Coloma Convent Girls' School is a Roman Catholic secondary school and sixth form in a semi-rural location in Shirley, on the outskirts of Croydon, South London, England.

History
The school regards its founder as being the Very Reverend Canon Constant Van Crombrugghe, who founded the Congregation of the Daughters of Mary and Joseph in Belgium in 1817. There is a bronze bust of Van Crombrugghe in the Main Hall and a painting of him in their Performing Arts Centre.

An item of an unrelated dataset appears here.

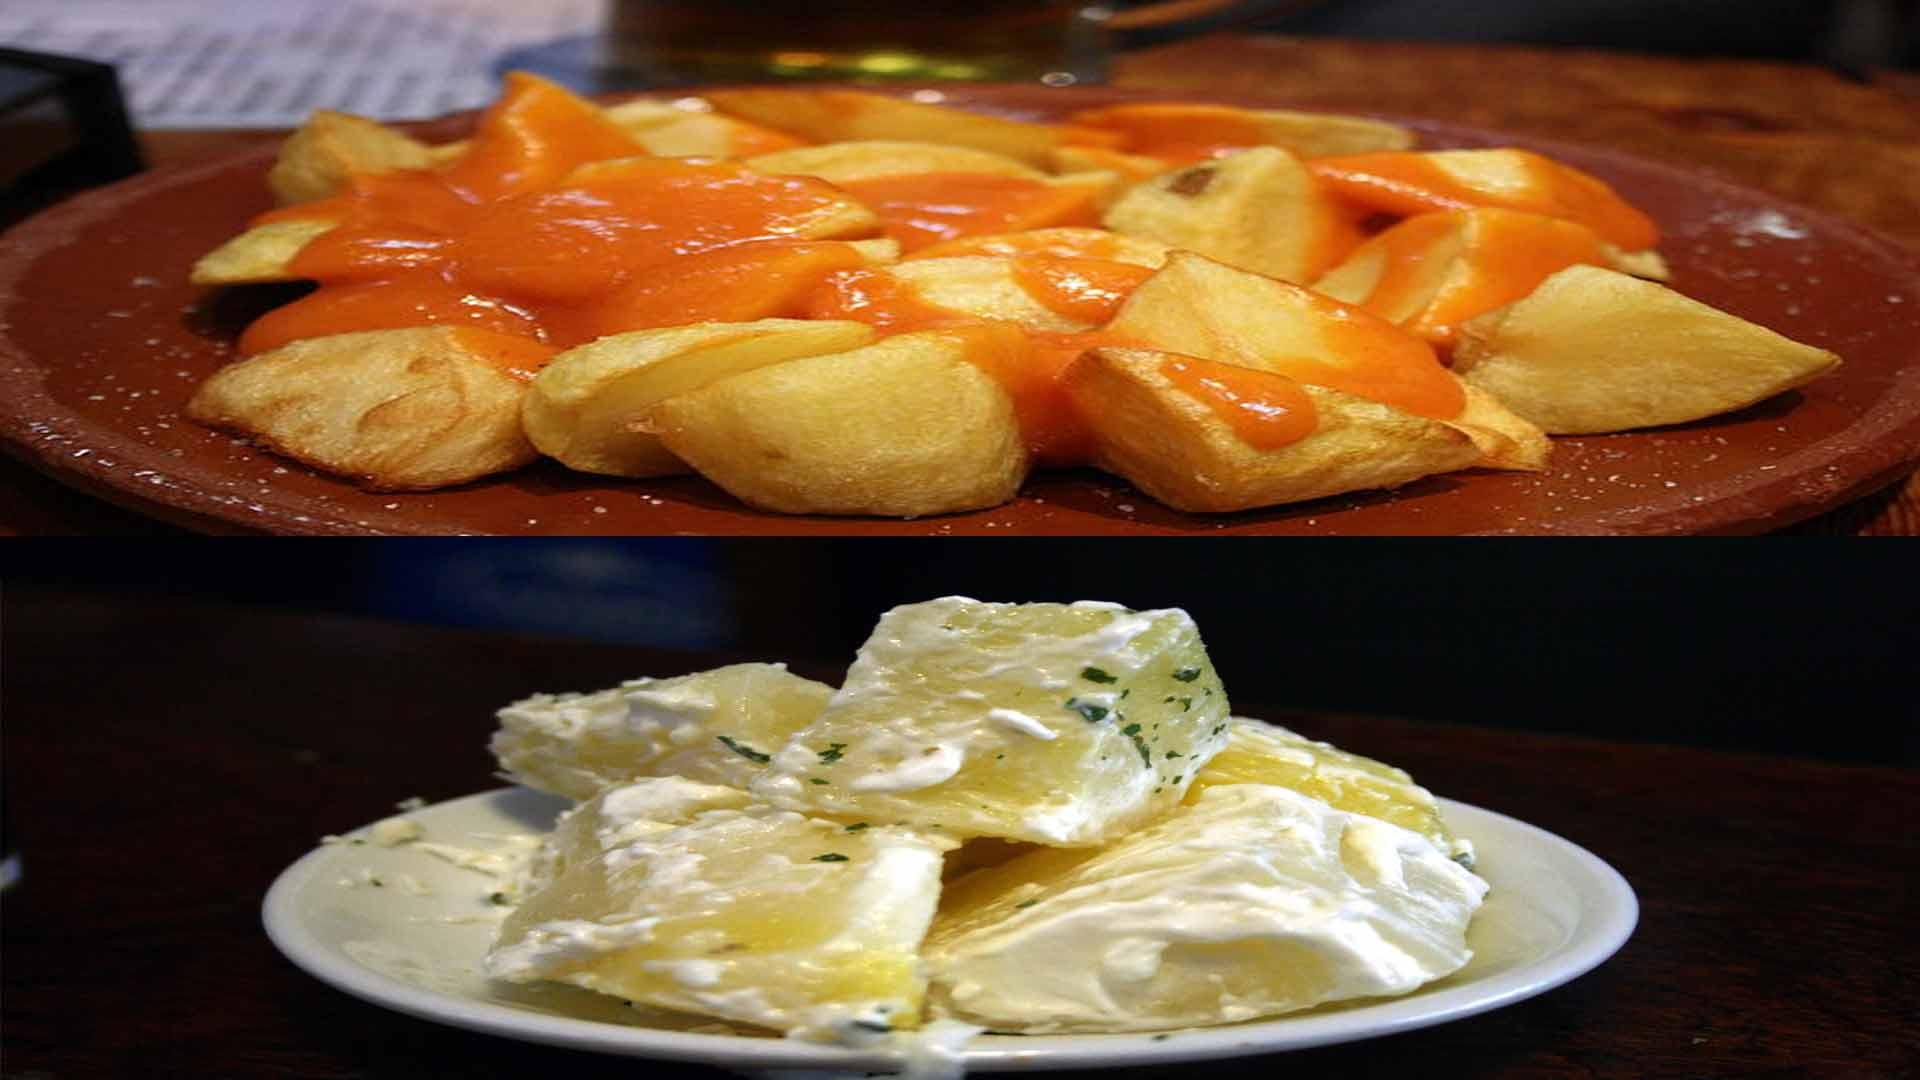 patatas-bravas-o-alioli-1920

The school opened on 2 August 1869, with one pupil. In 1871, property was found in Tavistock Road, Croydon, and named Coloma. The school remained there until its move in 1965 to the present site. At the start of its history, the school's motto was Timpore in Silvam (in time a forest) but after it became an established place of learning it was changed to Laborare est Orare (to work is to pray).

Previously a grammar school, Coloma became a comprehensive school in 1978, and was a grant-maintained school in 1994–1999. In 2000 the school opened a sixth form. From September 2010 until late 2018  The Quest Academy was part of the separate Coloma Trust,  an academy trust that later also included the Archbishop Lanfranc school.

Previously a voluntary aided school administered by Croydon London Borough Council, in November 2022 Coloma Convent Girls' School converted to academy status. The school is now sponsored by SELCAT, but continues to be under the jurisdiction of Roman Catholic Archdiocese of Southwark.

Admissions policy
Girls wanting to attend the school are admitted using a religious observation points system, which is intended to give priority to candidates who are seen as the most devout, and to families who are most active in the church. The school is one of a small group of Catholic comprehensives to have adopted this system, along with the London Oratory School, Cardinal Vaughan Memorial School and the John Fisher School. Prior to the year 2000 most of these schools admitted a percentage of their pupils based on ability, aptitude or through an interview process. The points system is seen by some as a way for these schools to protect the Catholicity of their intake.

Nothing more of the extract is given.